In the Krech case the defendant pleaded guilty in county court to a number of misdemeanor *353 charges (including driving after revocation, driving while under the influence, and reckless driving) and then moved to dismiss felony charges in district court of aggravated assault and obstructing legal process. Relying on the Finn case, we held that the felony charges arose out of the same behavioral incident as the misdemeanor offenses because they were the result of a continuous course of conduct with defendant committing the felonies in order to avoid apprehension on the other charges.

In the instant case the state admits that the violations occurred during a continuous course of driving, as in Finn. The difficult part of the test is in determining whether the course of conduct manifests an indivisible state of mind.
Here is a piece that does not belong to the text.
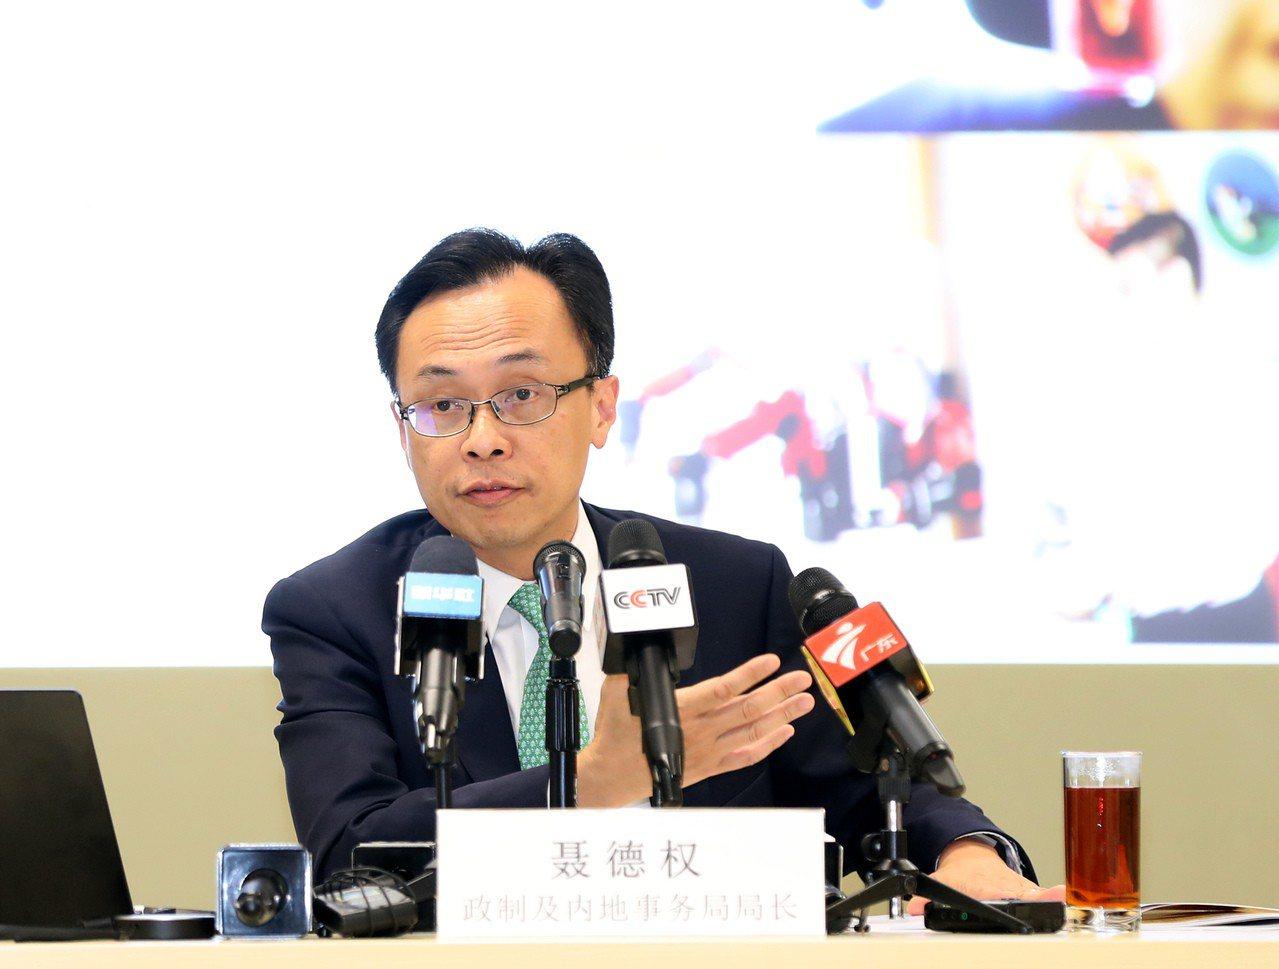 中國網路管制 成港澳青年大灣區發展的障礙 新華社

Although the issue is close, we conclude that the motivations underlying the misdemeanor violations were essentially different from the motivation underlying the offense of unauthorized use, and therefore we hold that the unauthorized-use offense did not arise from the same behavioral incident as the misdemeanor offenses.

Reversed and remanded. Defendant is awarded $150 in attorneys fees pursuant to Rule 29.03, subd. 2(8), Rules of Criminal Procedure.